The beginning of August my father entered the hospital and we were told he had maybe 3-6 months to live. His heart was failing and I was solely responsible for his care. My kids went back to school and my non-profit work started to kick up full force, so  I was plenty distracted. The stress of my father’s condition and everything that went along with it, caused me to exercise less, eat more foods that I shouldn’t and drink a little bit more wine. My sleep has suffered too. My father fought this transition every step of the way – definitely a difficult patient. He was in denial that his life was going to end soon. I battled my own emotions with our relationship and yet at the same time the extreme need to do everything I could to help him. I was mad and sad and angry and worried. My father (with or without his faults) was in fact – my father. It was that simple. It is that simple.  I am a fixer and a helper (anxiety makes this worse) and I was determined to fix this for him. But a pending death can’t be fixed. Maybe I was in denial too. As the month of August ended – his condition and his mind were drastically changing. He was angry and bossy and trying to control anything little thing he could. Hurricane Florence was about to come through the area. Initially his location was going to be hit the hardest and in that moment of worry for this storm, my father gave up. He realized he didn’t have the power to get into his car and drive away from the storm.  Odd because he used to love to drive down to the oceanfront to either surf the waves or watch the waves as hurricanes came through.

During the month of September, I watched my father (thanks to daily face times and phone calls) slowly deteriorate. Watching this process and managing this process was emotionally draining. Suddenly, I didn’t want him to die. I made sure I did everything I could for him and talked to him every day.
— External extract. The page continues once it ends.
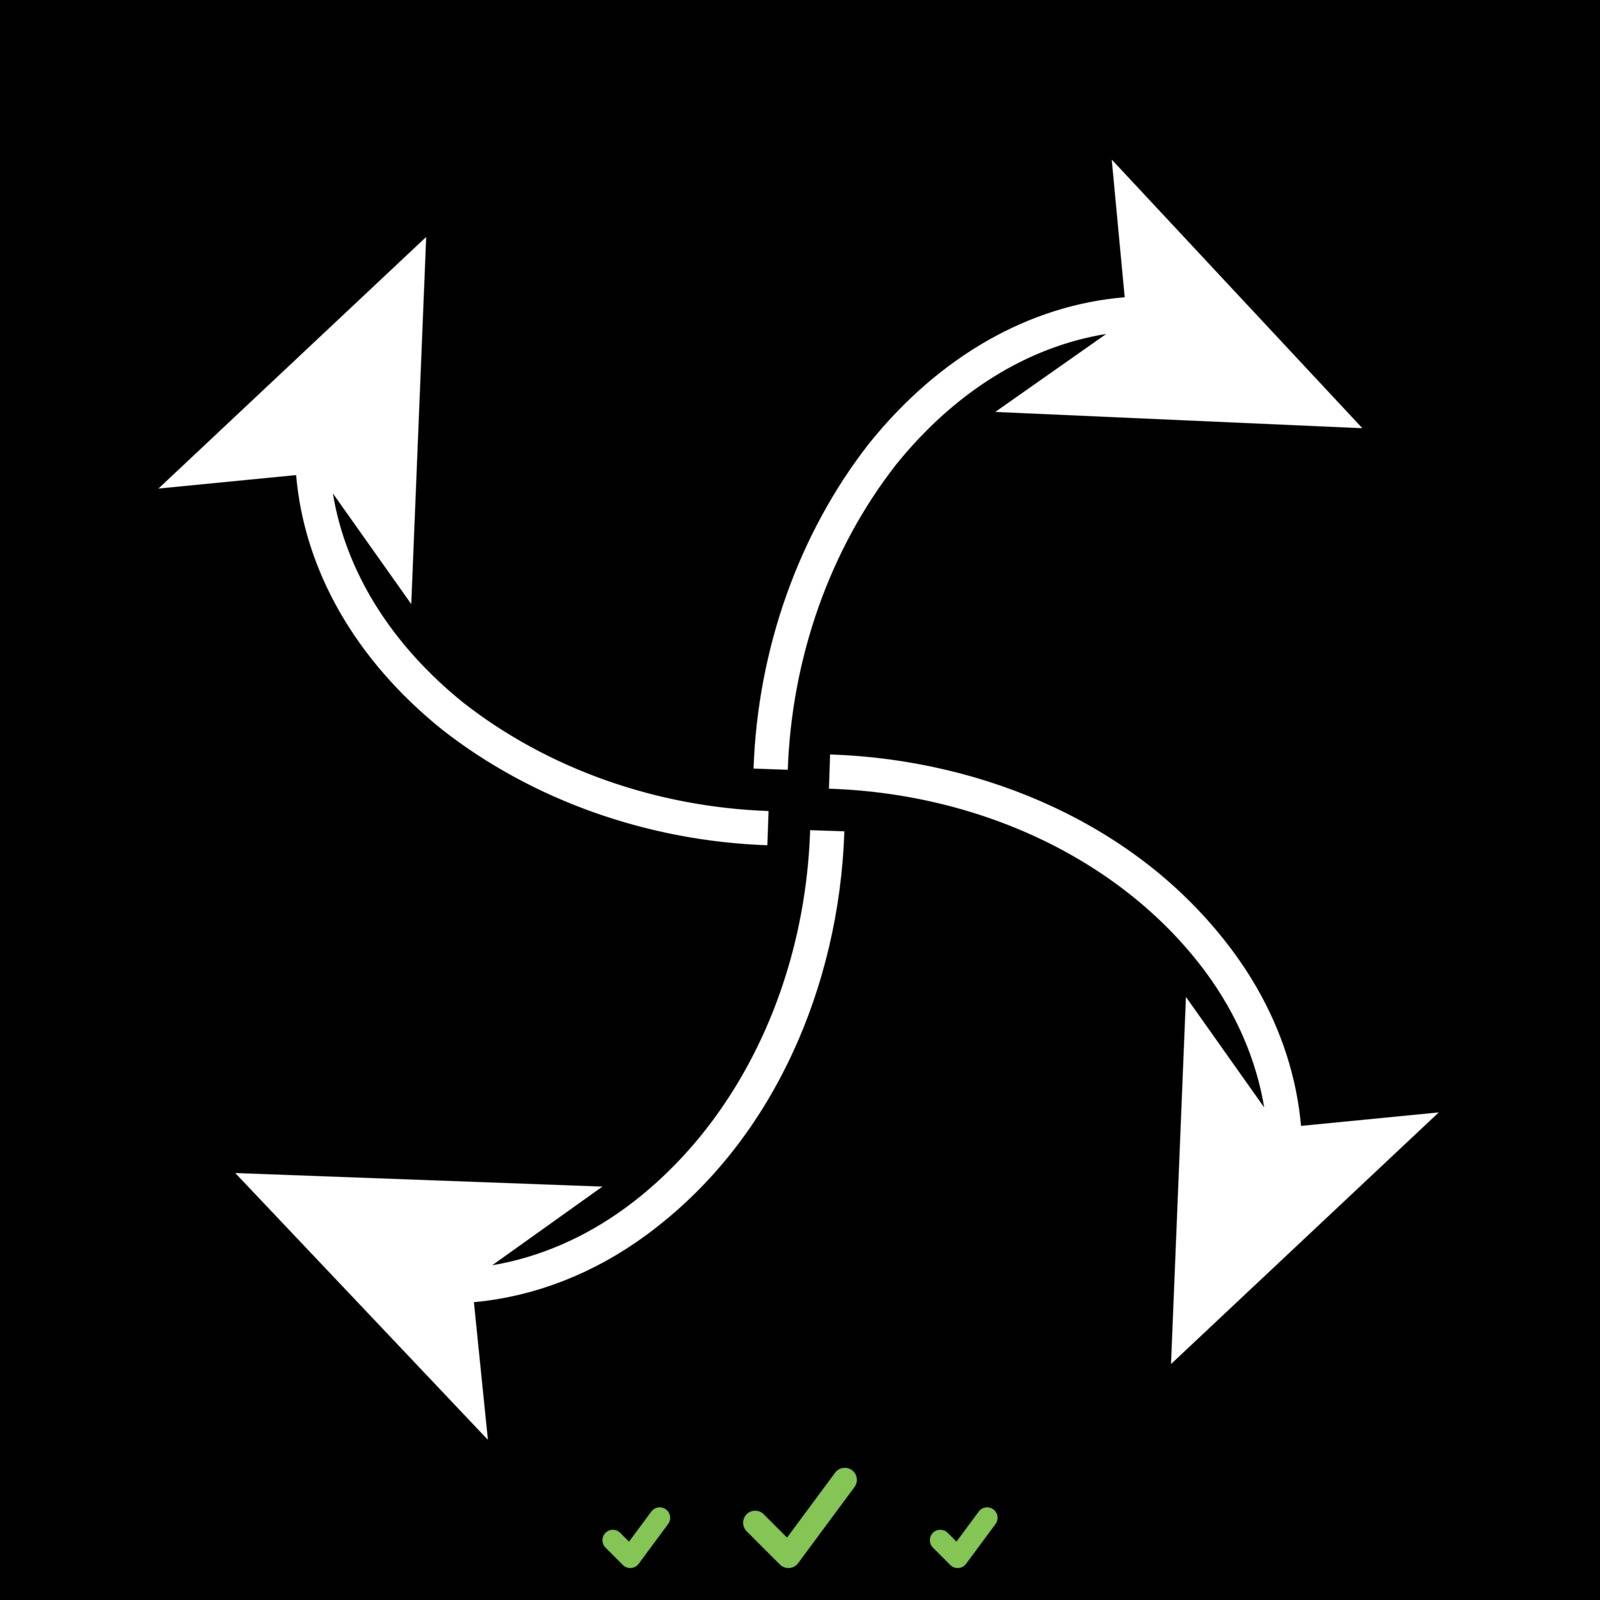 Four arrows in loop from center it is white icon . Flat style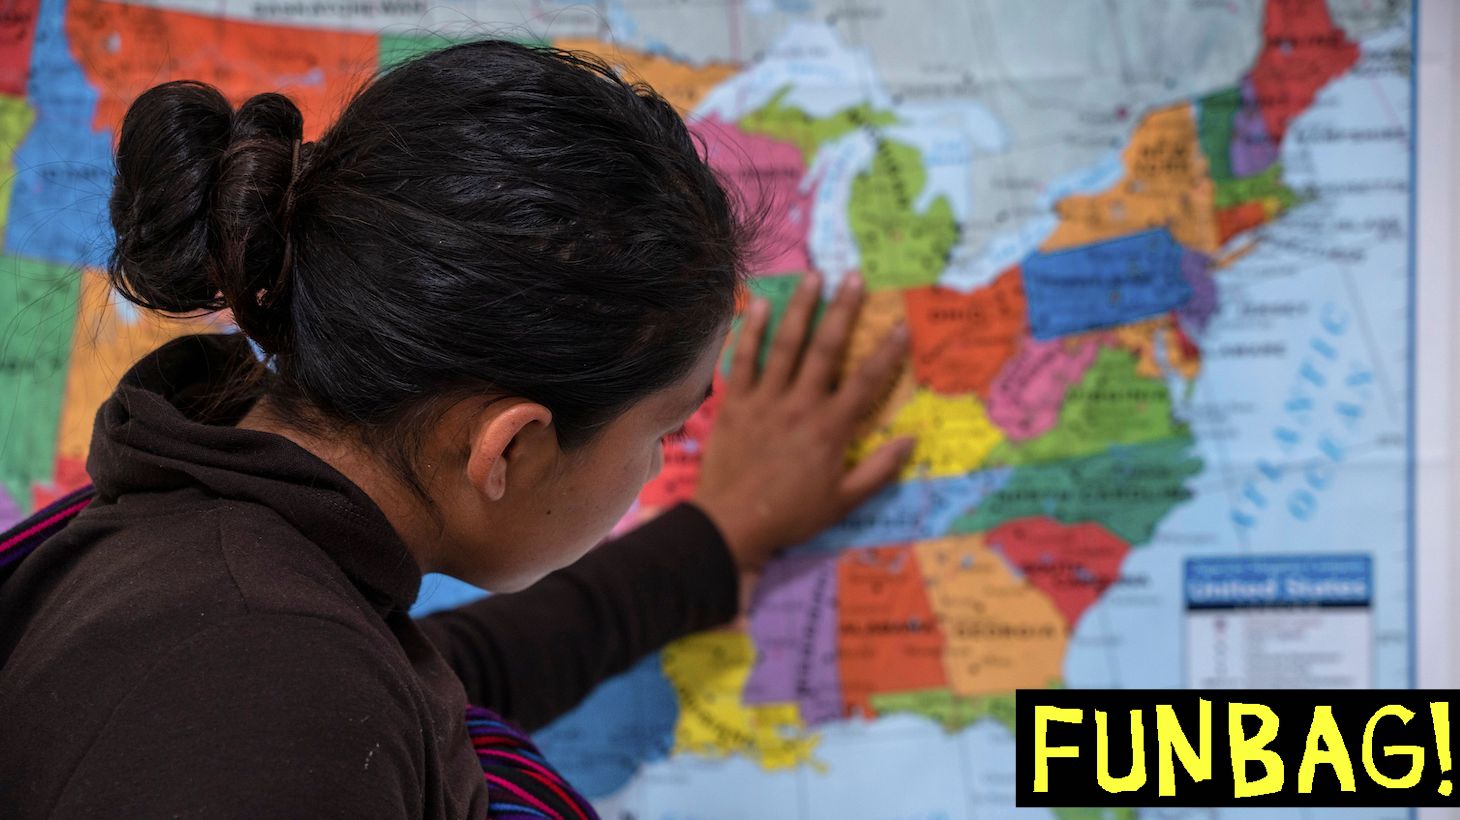 A Guatemalan woman touches a map of the United States at the Casa del Refugiado, or The House of Refugee, a new centre opened by the Annunciation House to help the large flow of migrants being released by the United States Border Patrol and Immigration and Customs Enforcement in El Paso, Texas on April 24, 2019. - The 125,000 foot space will accomodate about 500 migrants, with plans to expand for up to 1,500. While this is larger then other centres in the El Paso area, Father Ruben Garcia the director of Annunciation house says that they will still rely on churches around the community for help housing migrants. According to the CBP, border patrol agents apprehended 92,607 people along the southwest border in March, up from 66,884 in February. US President Donald Trump, who has made immigration the core of his message to his conservative base, said on Twitter that "a very big Caravan of over 20,000 people" is making its way through Mexico toward the United States. (Photo by Paul Ratje / AFP) (Photo credit should read PAUL RATJE/AFP via Getty Images)

When he couldn’t talk, I did all the talking.  Luckily I have the gift of gab. I made sure I told him all the things I thought he needed to hear and I needed to say.  After dealing with anxiety for most of my life, suddenly I felt different, my anxiety felt different. I was facing something terribly hard and facing death (my big anxiety worry) but I was OK. I started to think maybe I am stronger than I thought. I am stronger than what my anxiety always tries to tell me. This realization came to me slowly as I was able to stay busy with my kids and their sports and non-profit work. I was still standing, I was still functioning. I had moments of sadness but I kept myself in this place of denial. I haven’t written about his death or talked about it very much. I am not good at feeling these very complex emotions yet it all caught up with me last night. No more distractions – time to just grieve and feel and know it’s all OK. Anxiety tries to tell you – you are not ok and you can’t do it. But you can do it and you are OK! I can do it and I am OK!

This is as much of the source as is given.